それが今では、こうして徹夜をしただけで疲れてあっさりと寝てしまう。
ダンジョンという危険地域ではなく、家という安全地帯だから気が抜けてしまうのかもしれない。
そして、それに自分も含まれていたら良いとキリカは考える。
「とりあえずシュナに会うのは確定みたいだし、私も一緒に行くべきね」
頭が回っていないからこそシュナにセクハラする予定も正直に答えたのだろう。
それを止めるために自分も一緒に行動するべきだろうとキリカも考える。
もしかしたら相手が師匠だからとセクハラを許してしまう可能性もある。
後、単純に自分以外の女といちゃつくのが嫌だ。
「それにしても………」
マオは自分と全く違う感触に眠ることも忘れてずっと触れていたらしいが、キリカも少しだけその気持ちがわかってしまう。

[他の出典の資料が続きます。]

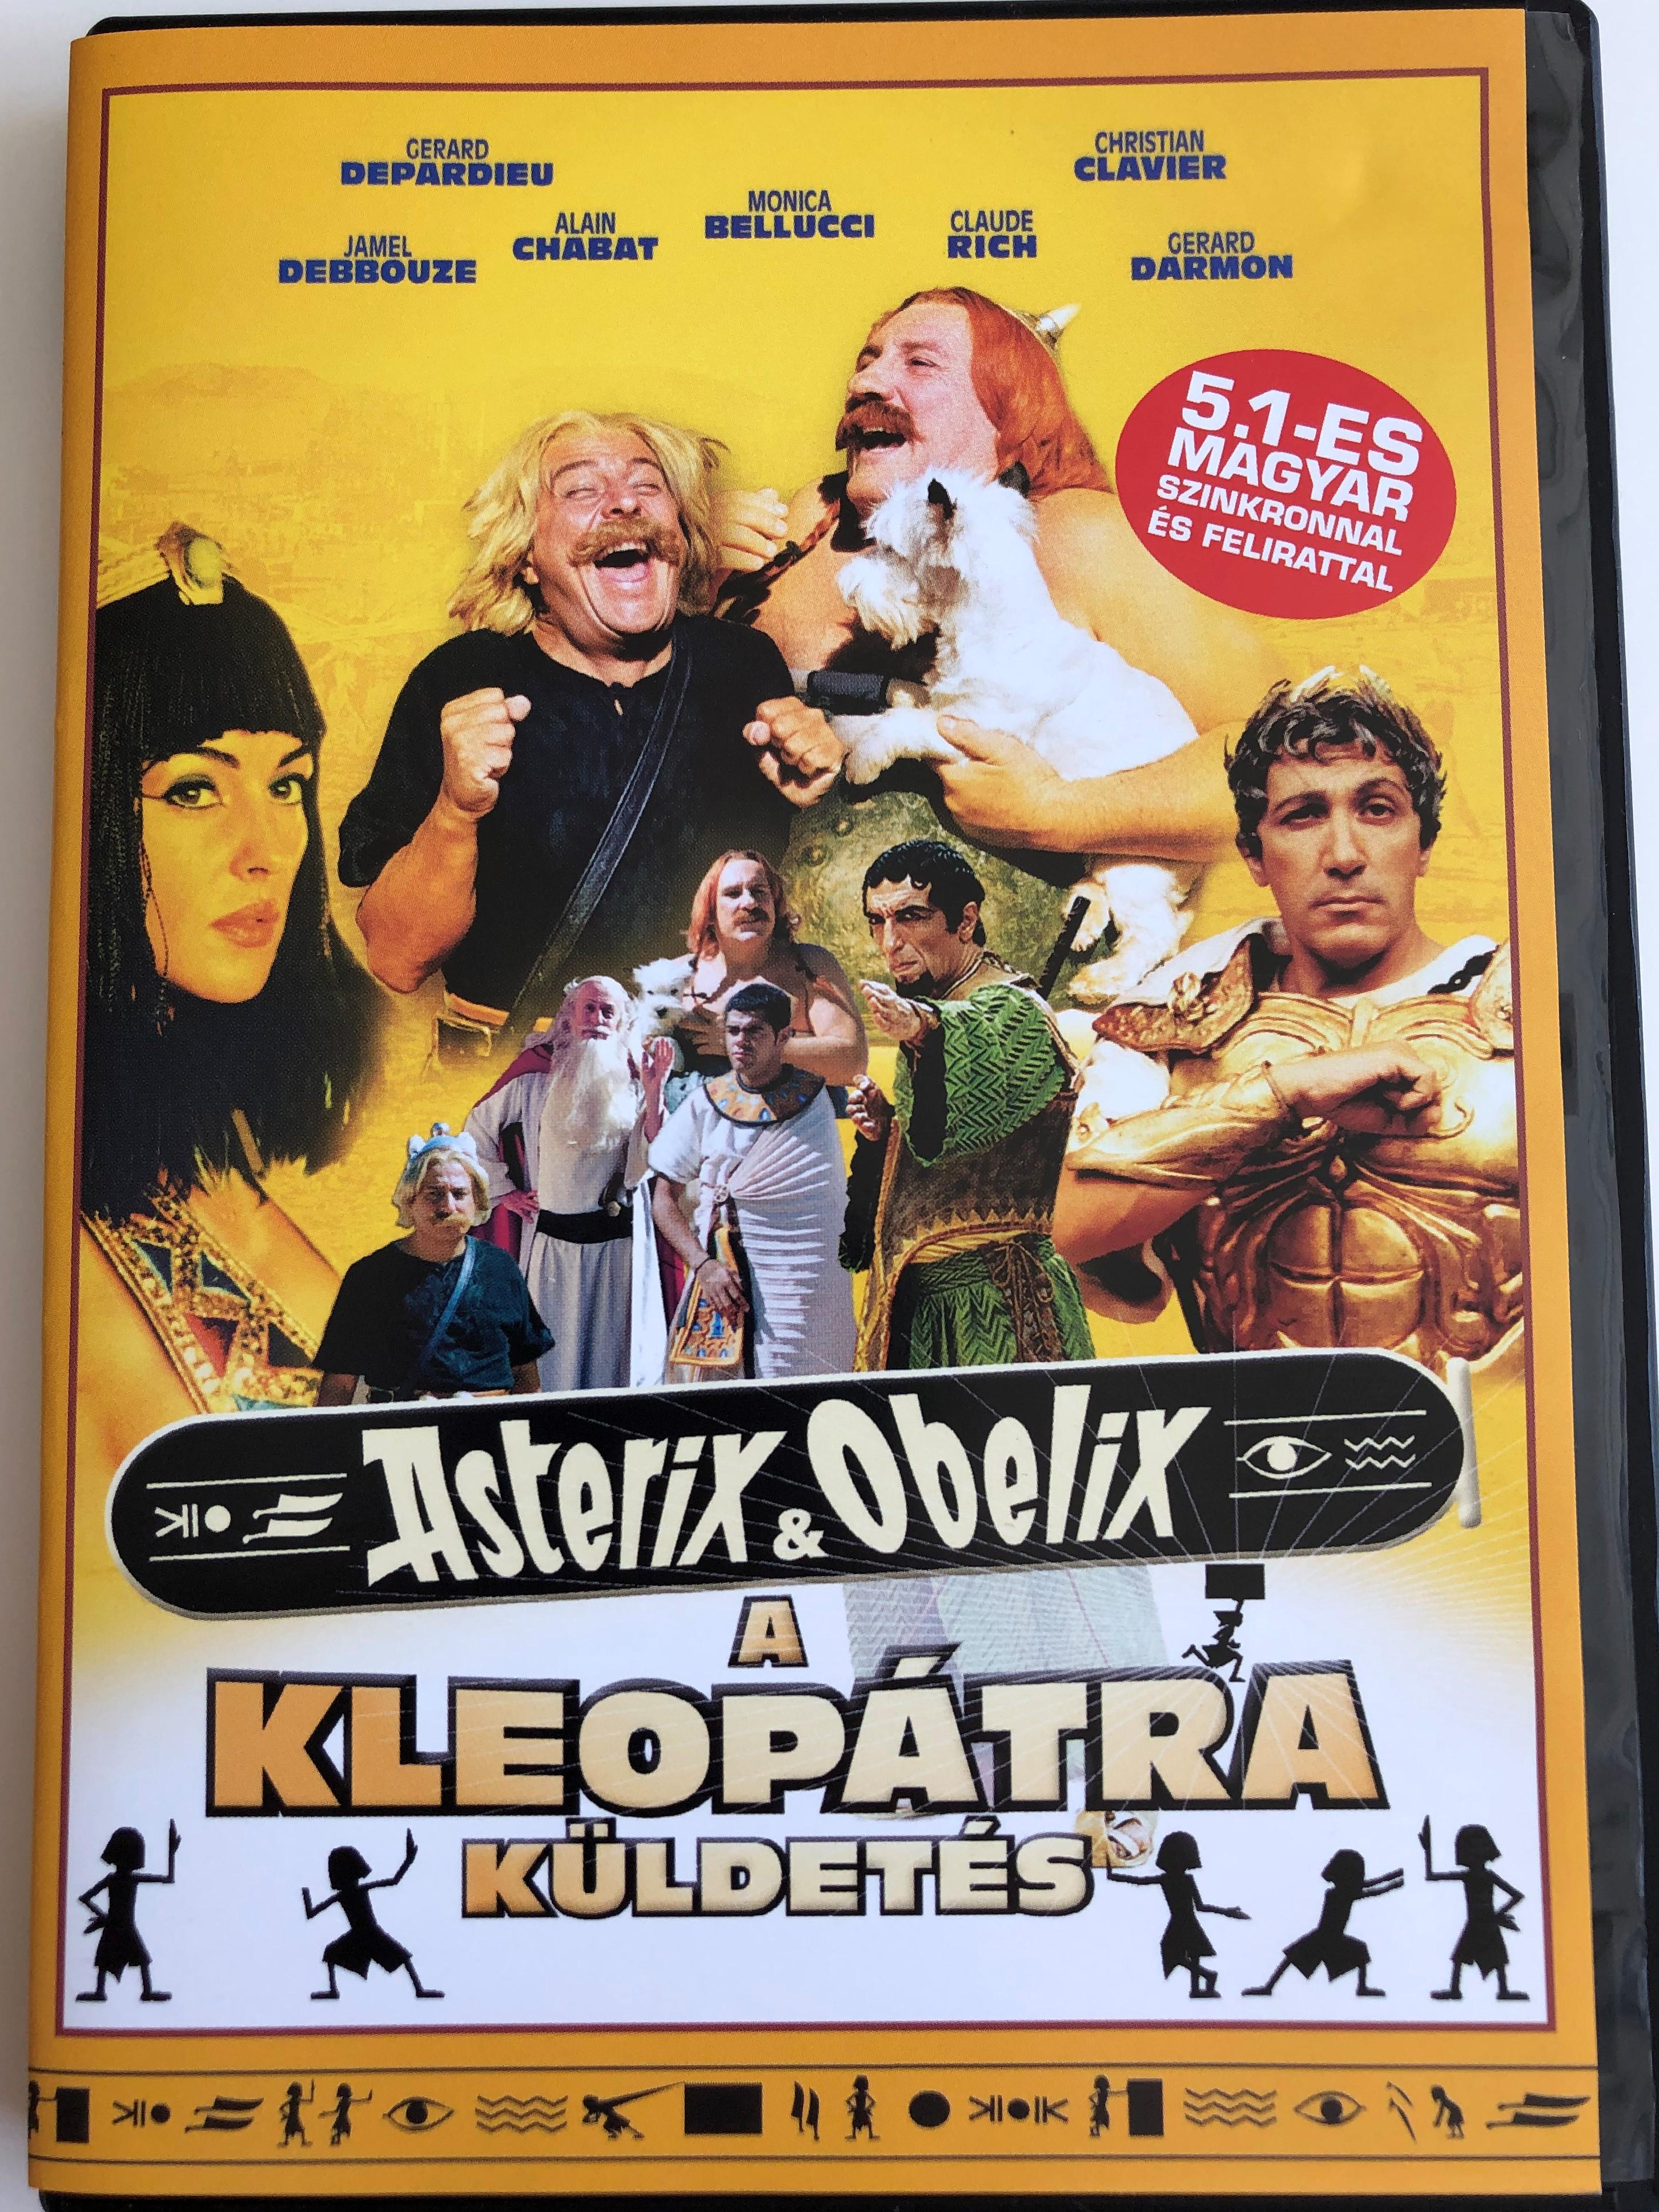 ast-rix-et-ob-lix-mission-cl-op-tre-dvd-2002-asterix-obelix-a-kleop-tra-k-ldet-s-asterix-obelix-mission-cleopatra-directed-by-alain-chabat-starring-g-rard-depardieu-christian-clavier-jamel-debbouze-alain-chabat-mo-1-.jpg
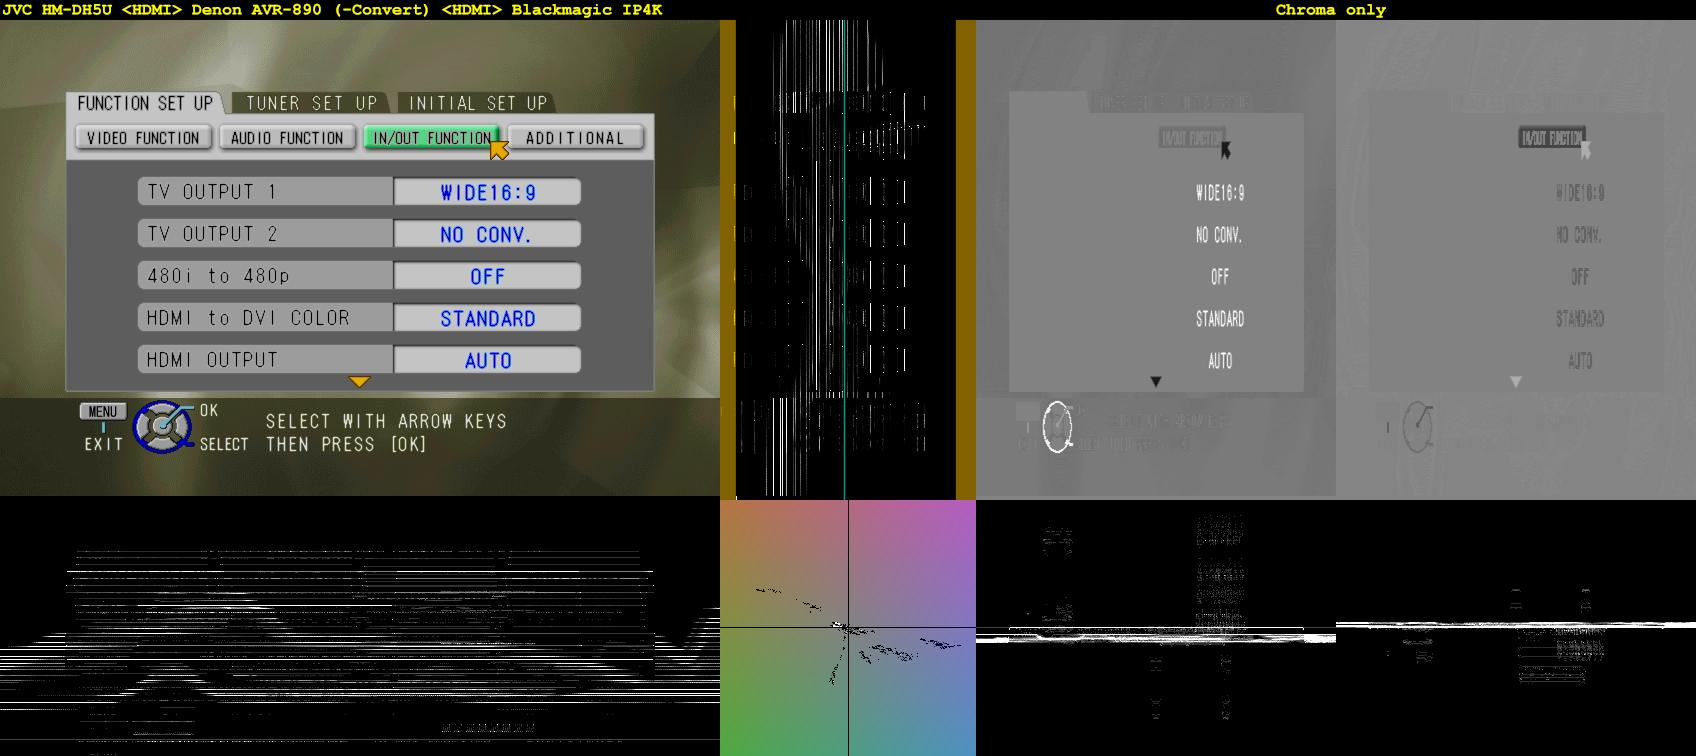 Click image for larger version  Name:Menu - JVC HM-DH5U =HDMI= Denon AVR-890, -Convert =HDMI= IP4K.png Views:3255 Size:396.0 KB ID:35274

普段から触れている自分の肌と全く違う感触は新鮮で飽きは来ない。
だからと言って異性に誰彼構わず確かめようとするのは有り得ないが。
好きな相手ならともかく、それ以外の相手には普通はしない。
「今日は休んで明日からにするべきね」
本当なら今日からギルドに向かって仕事をするつもりだった。
なぜならキリカは既に回復しているが、マオのセクハラ宣言もあり暫くは一緒のパーティで行動するつもりだからだ。
更に気づかぬ間に起きて行動されよりは一緒に行動したほうが防ぐことが出来ると考えていた。
だから、ある意味では幸運なのだろう。
マオが発言していなければセクハラすることにも気づかなかったのだから。
それを警戒し防ぐために行動することもできなかった。